Post by Oryza5 » Sun Jan 10, 2016 5:59 pm

Todd, thanks so much for posting this double top build and your experience making it work. I own two single topped Contreras Sr. guitars (5-fan model from early 1970s and a 7-fan model from 1982). They are very nice instruments but I have been very interested in the double top model made by Contreras Jr. I'm told that the Contreras II double top voice is very powerful loud, but I'm not aware that either the inner top or the back plate are ported as you have done in this example. Do you or anyone else have any insight? I believe the Contreras II double top uses cedar for the inner top, not a stiffer hardwood as one reader suggested. If you have any additional learnings now that a few years have passed since you finished the instrument. I also play steel string archtop and wonder if this concept could work there as well? Advice is greatly appreciated.
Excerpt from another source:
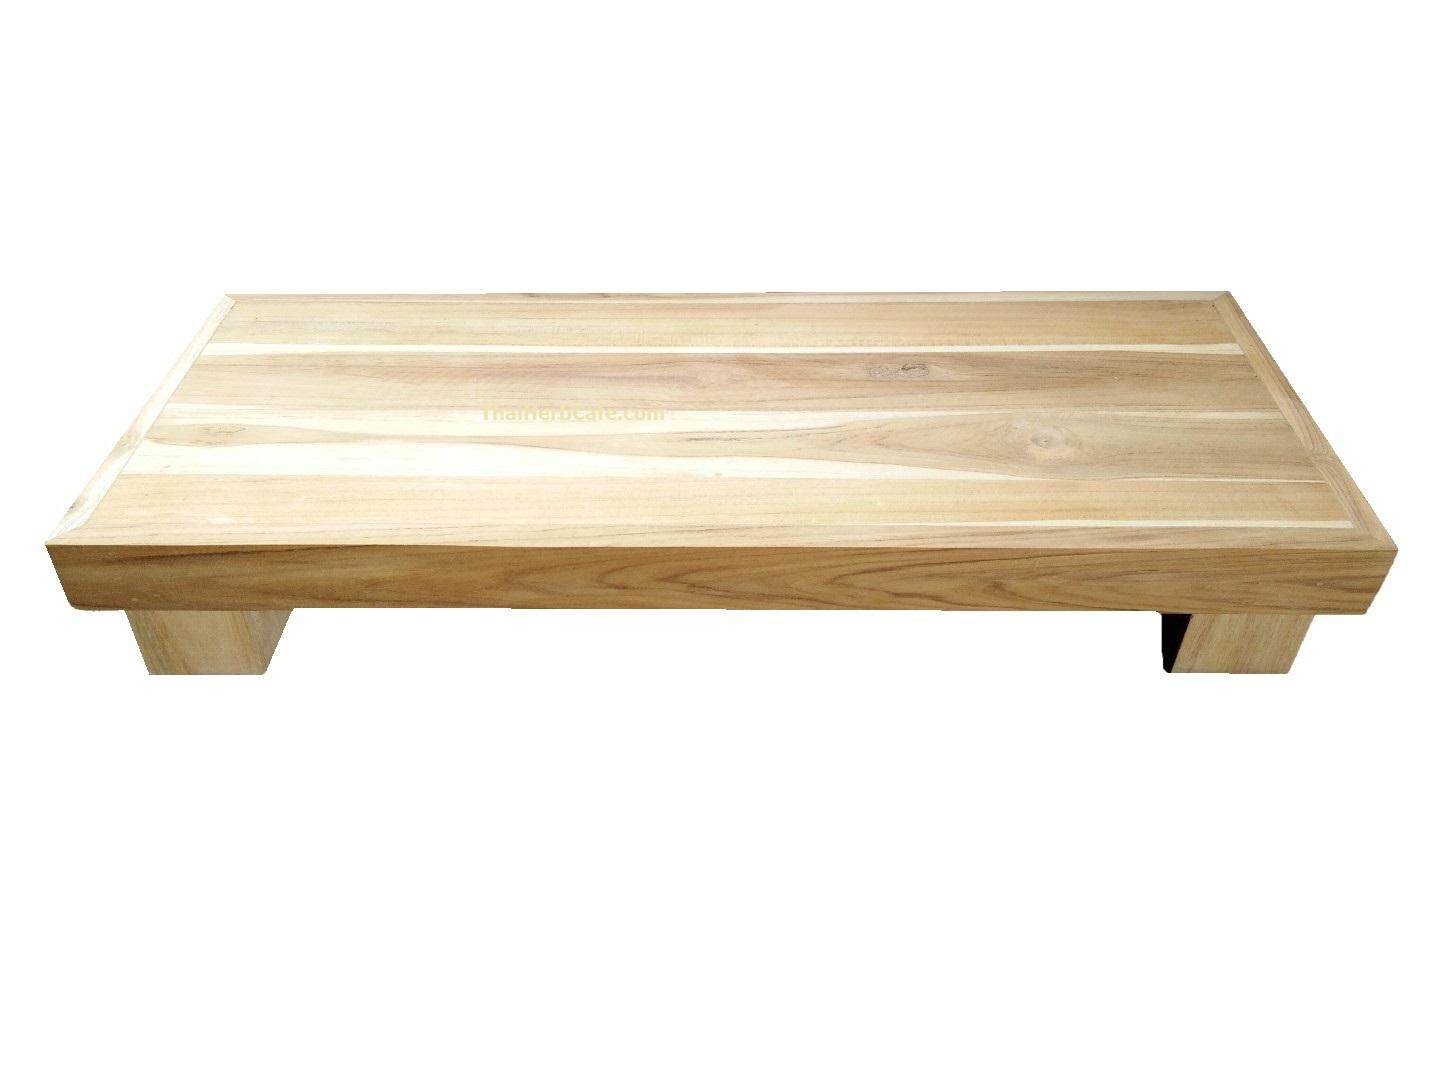 โต๊ะเตี๊ยสไตล์ญี่ปุ่น 50x20cm. สูง 8cm. Japanese table chopping board โต๊ะวางอาหาร ถาดไม้สไตล์ญี่ปุ่นดั่งเดิม ฐานพระ เขียง จานไม้ ถาดรองหม้อชาบู ถาดไม้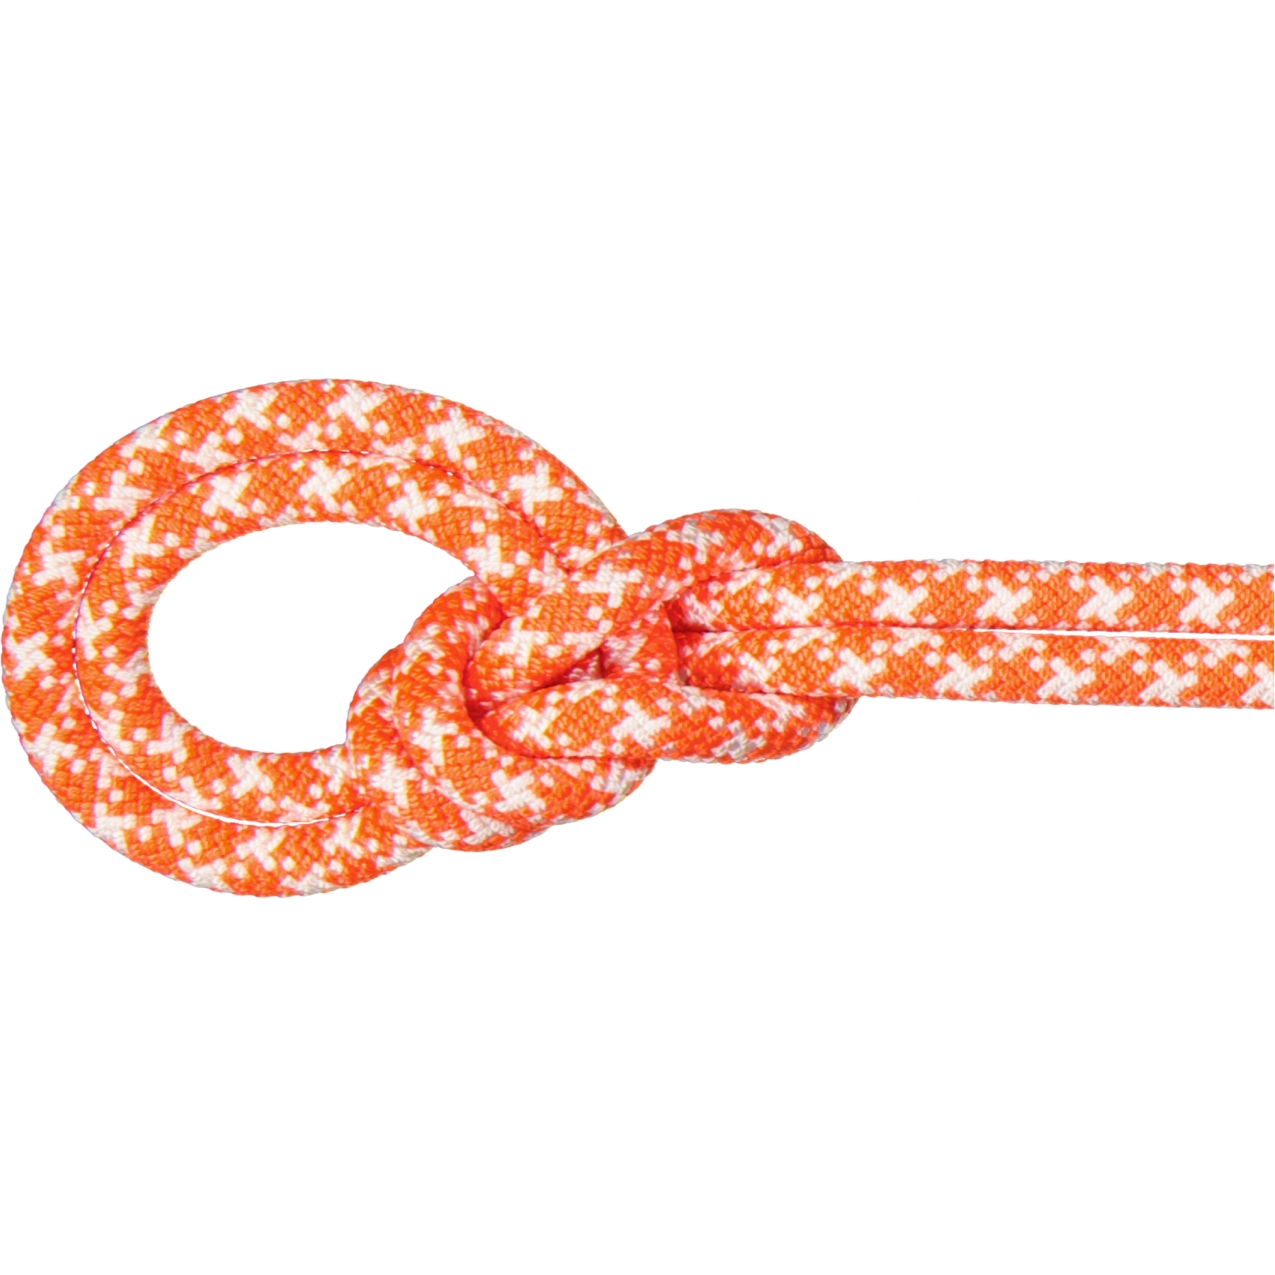 Produktbild von Mammut 9.5 Crag Classic Seil - 70m - vibrant orange-white

Update 1/18/16. I was inquiring about features on a Contreras II Double Top for sale on eBay. The seller kindly answered my questions and confirms there is no sound port on the inner top. Instead the seller describes bracing and a block connected to the inner top. This seems more like a sound post on a bowed instrument which connects the top to the back. On a violin, most of the back plate is free to vibrate with the top. If you've ever played a violin without a sound post you know what a difference that wedged-in stick of wood makes. I can envision a wedged-in sound post approach working on an archtop guitar using a tailpiece with only downward pressure on the bridge (here the sound post pushes both plates away from each other). But on a flat top with a glued bridge & saddle the top will naturally lift up under string tension. A wedged sound post would have an undesirable effect, pushing the top up more. So one way Cotreras II may have solved this by pulling the two tops towards each other with the sound post, then both tops could still be lightly braced and vibrate together. This could be done with two dovetail type joints or v joints, one in the block described by the seller, the other in a similar block on the underside of the top. I'm just guessing here folks, but remain intrigued by this natural concept.